Он улыбнулся мне, но не так, как обычно. Это была
искренняя улыбка, от которой появлялись морщинки вокруг рта. Я почувствовал,
что краснею, и ничего не сказал. Только продолжил катать шарики по полотну.
- Ты никогда не играл на своей гитаре для меня, Фрэнк, - снова заговорил он, привлекая мое внимание, и
тут мне некуда было деться.
- Я знаю… - ответил я, не смотря, что делаю.
- Приноси ее поскорее, - сказал мне Джерарда, – я хочу
послушать, как ты играешь.
Я покраснел еще больше; стал таким же красным, как краска, которую мы
сейчас использовали.
- Я не знаю… - сказал я, слегка подбрасывая один из шариков
в ладони. Работа почти была закончена, потому что пробелы заполнялись довольно
быстро. Я знал, что я не смогу долго убегать
от его слов, и потому должен был ответить.

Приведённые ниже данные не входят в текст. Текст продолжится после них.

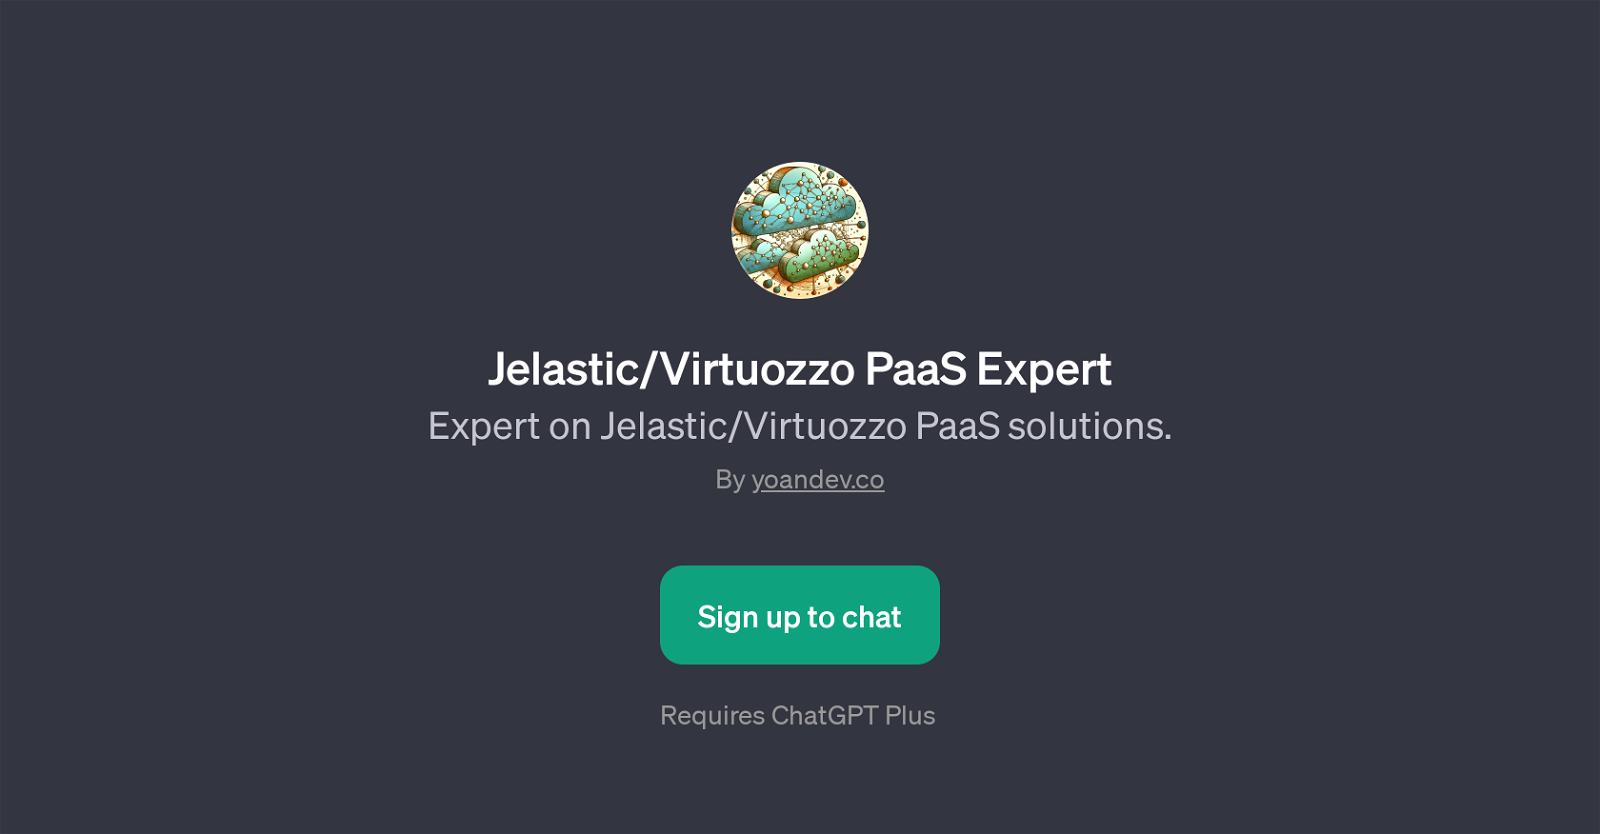 Jelastic/Virtuozzo PaaS Expert website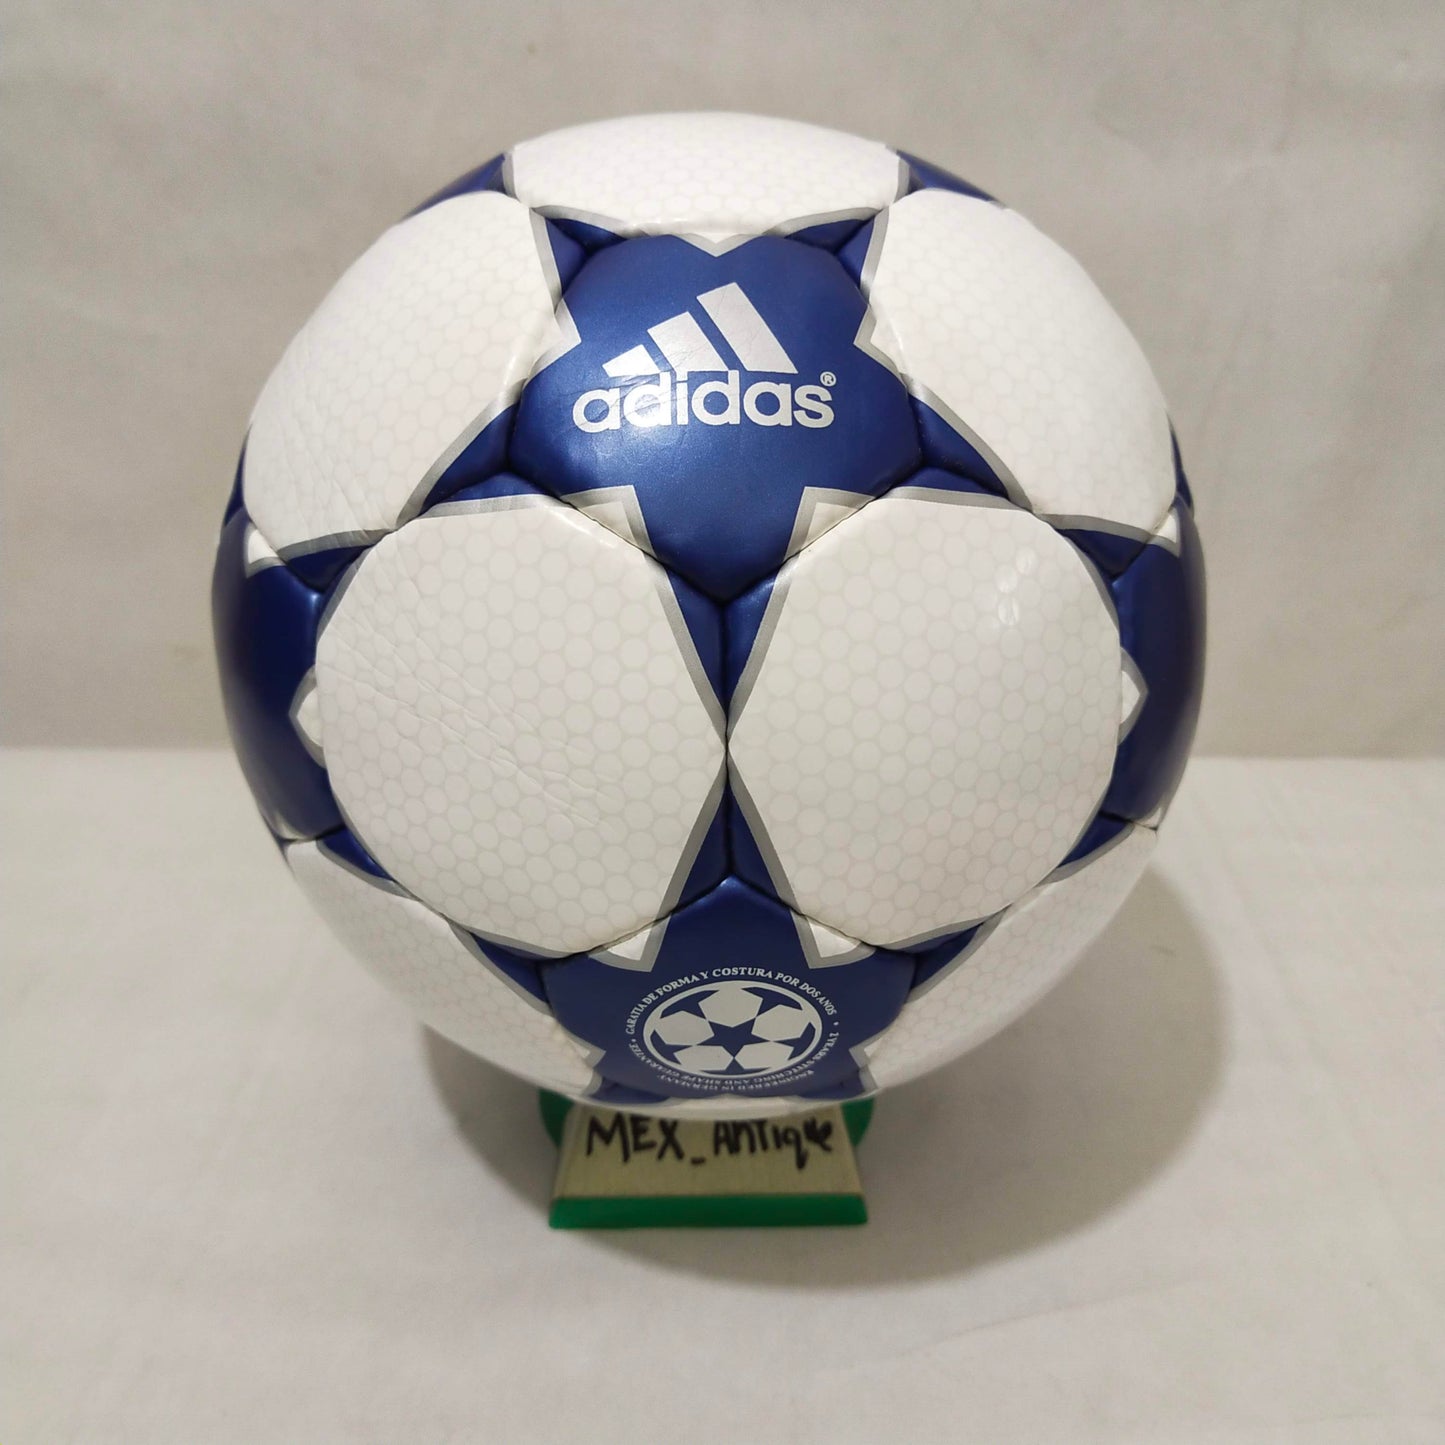 Adidas Finale 3 | 2003-2004 | UEFA Champions League Ball | Size 5 06

- Я выполнил свою часть сделки, - напомнил мне Джерард, обнажая
свои зубы. – Я учил тебя рисовать, и у
тебя получается очень хорошо. Со своей стороны я сделал, что обещал. Теперь
твоя очередь. Я хочу послушать твою музыку, – он посмотрел на меня и я
встретился взглядом с его глазами, позади
которых я видел твердую уверенность.
- Я подумаю об этом, - сказал я ему, давая обещание, не
разрывая зрительный контакт, – только лучше через пару занятий.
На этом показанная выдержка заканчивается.